On Hart's view, all actions, including virtuous acts like lawmaking and impermissible acts like poisoning, have their own internal standards of efficacy. But insofar as such standards of efficacy conflict with morality, as they do in the case of poisoning, it follows that they are distinct from moral standards. Thus, while Hart concedes that something like Fuller's eight principles are built into the existence conditions for law, he concludes they do not constitute a conceptual connection between law and morality.

Unfortunately, Hart overlooks the fact that most of Fuller's eight principles double as moral ideals of fairness. For example, public promulgation in understandable terms may be a necessary condition for efficacy, but it is also a moral ideal; it is morally objectionable for a state to enforce rules that have not been publicly promulgated in terms reasonably calculated to give notice of what is required.

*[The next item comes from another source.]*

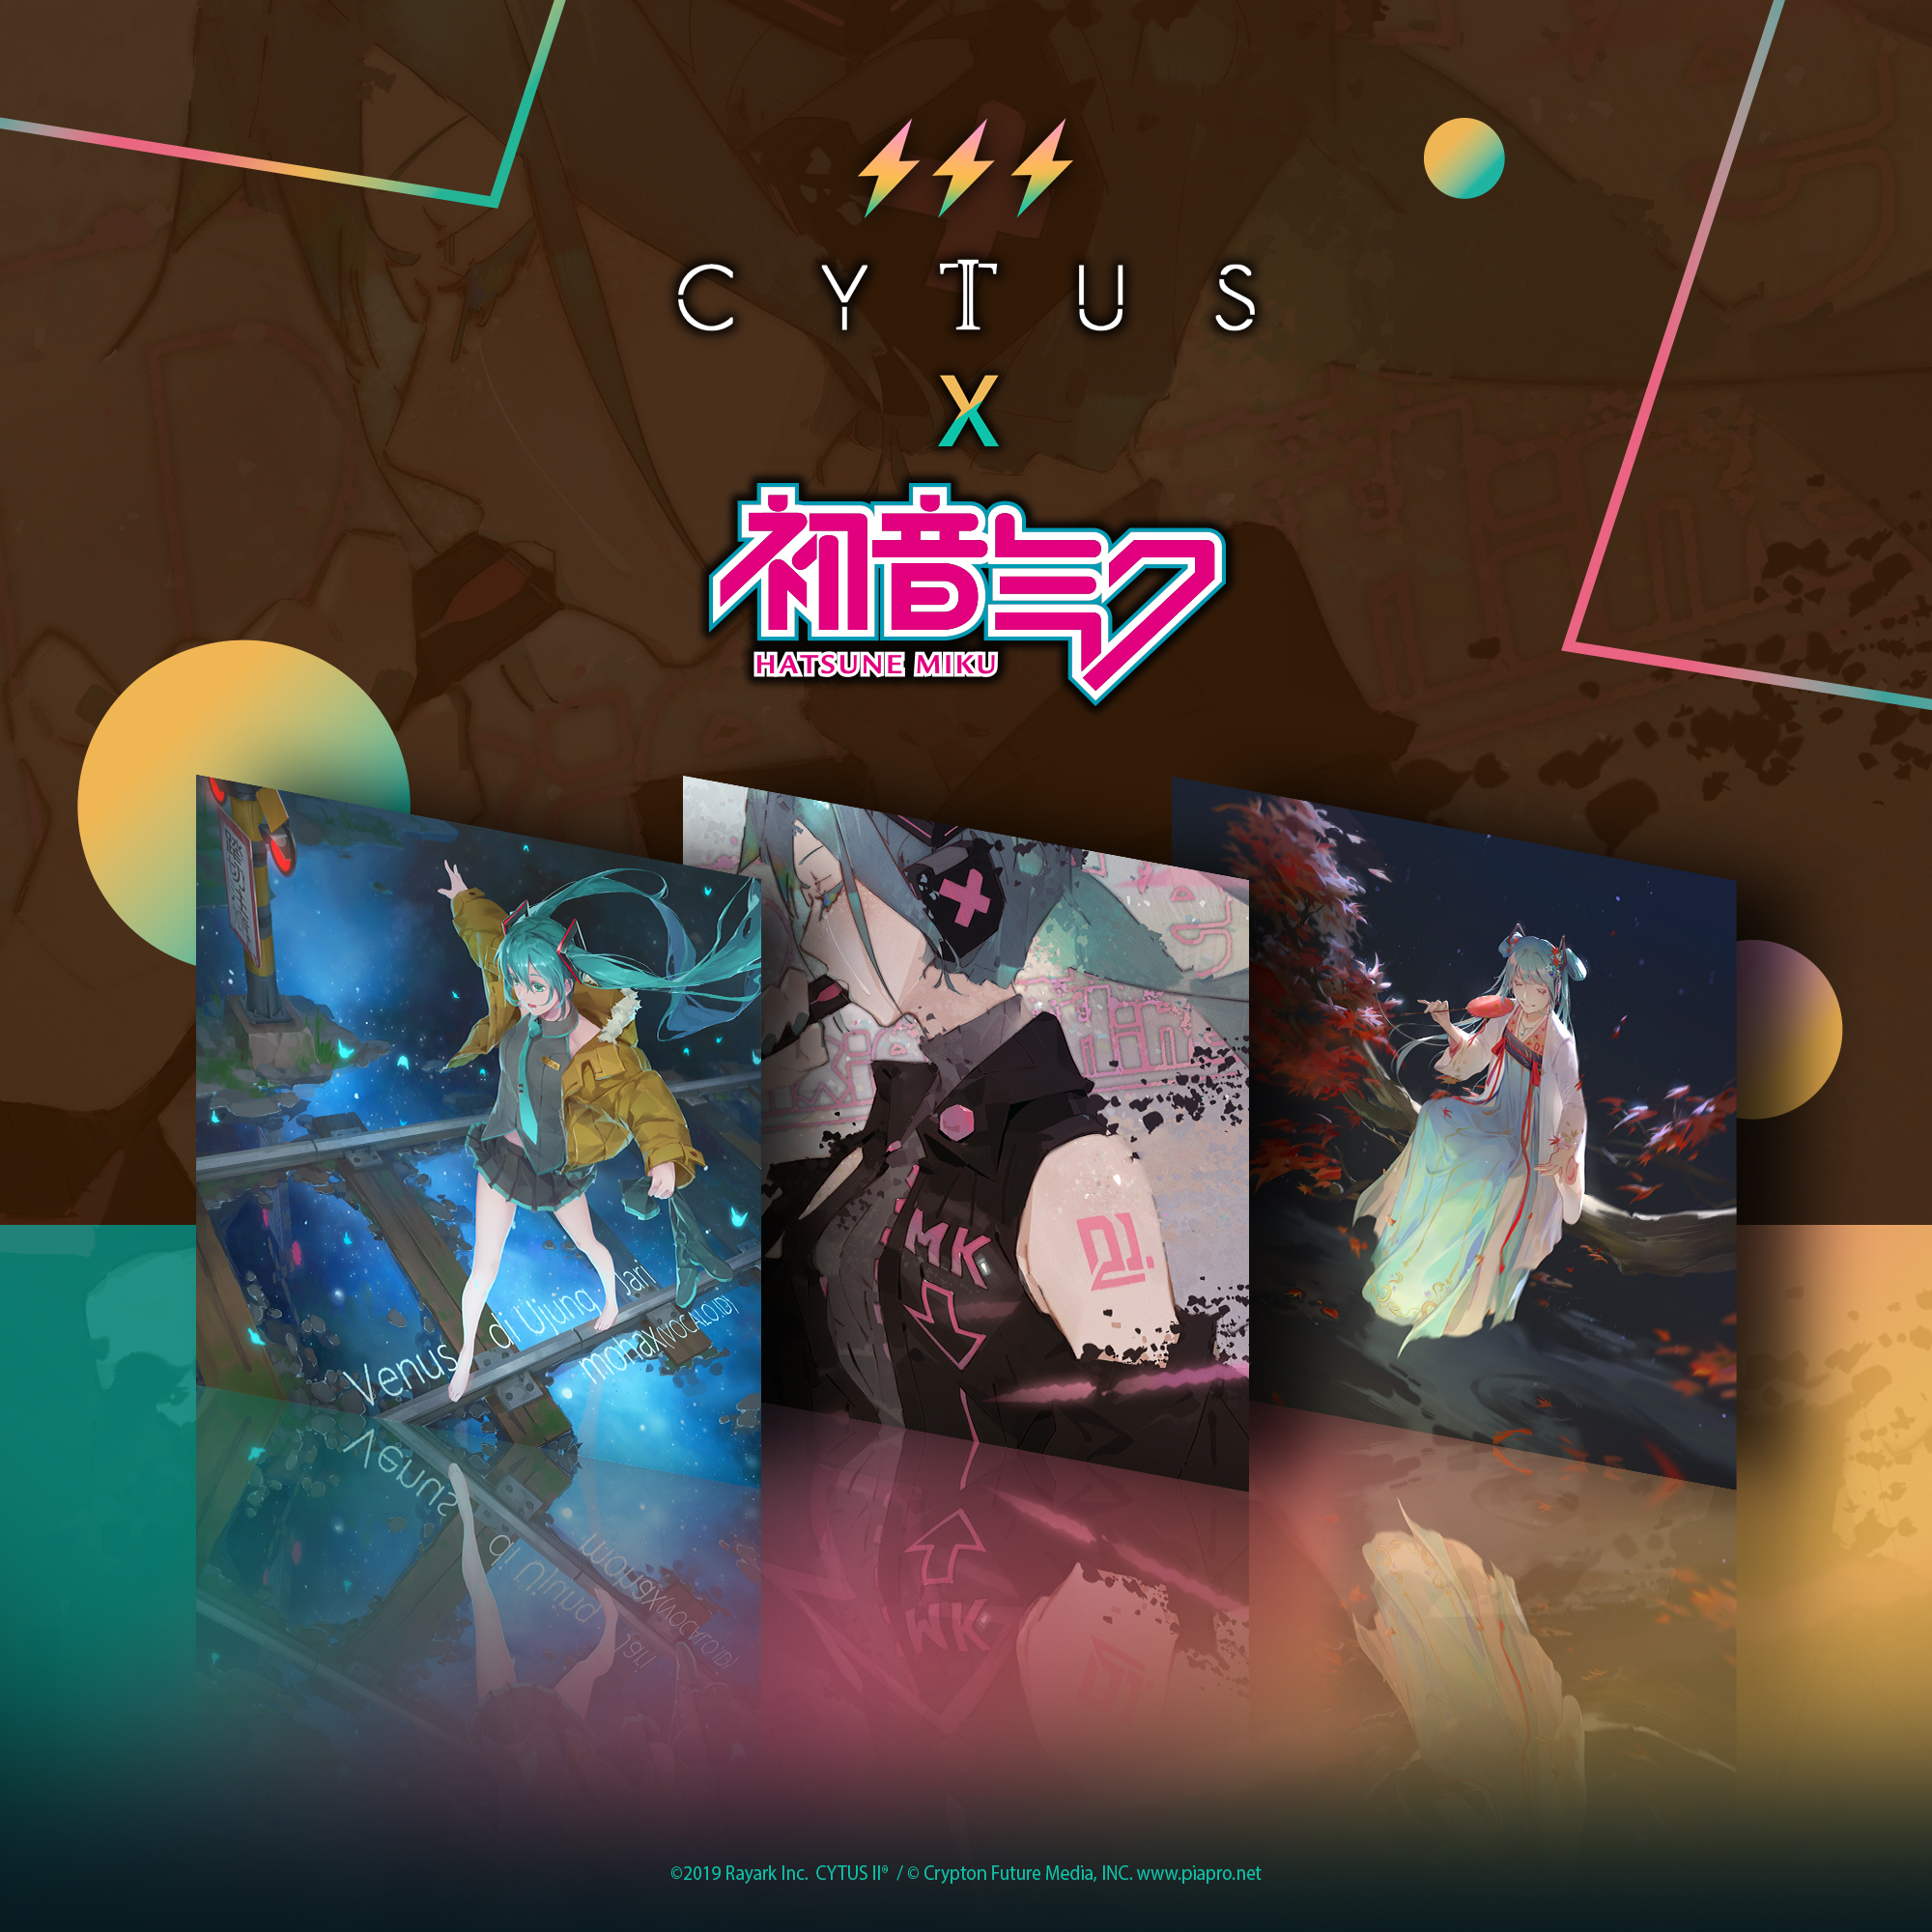 Cytus II X Hatsune Miku 收录歌曲预告

Similarly, we take it for granted that it is wrong for a state to enact retroactive rules, inconsistent rules, and rules that require what is impossible. Poisoning may have its internal standards of efficacy, but such standards are distinguishable from the principles of legality in that they conflict with moral ideals.

Nevertheless, Fuller's principles operate internally, not as moral ideals, but merely as principles of efficacy. As Fuller would likely acknowledge, the existence of a legal system is consistent with considerable divergence from the principles of legality. Legal standards, for example, are necessarily promulgated in general terms that inevitably give rise to problems of vagueness. And officials all too often fail to administer the laws in a fair and even-handed manner even in the best of legal systems. These divergences may always be prima facie objectionable, but they are inconsistent with a legal system only when they render a legal system incapable of performing its essential function of guiding behavior. Insofar as these principles are built into the existence conditions for law, it is because they operate as efficacy conditions and not because they function as moral ideals.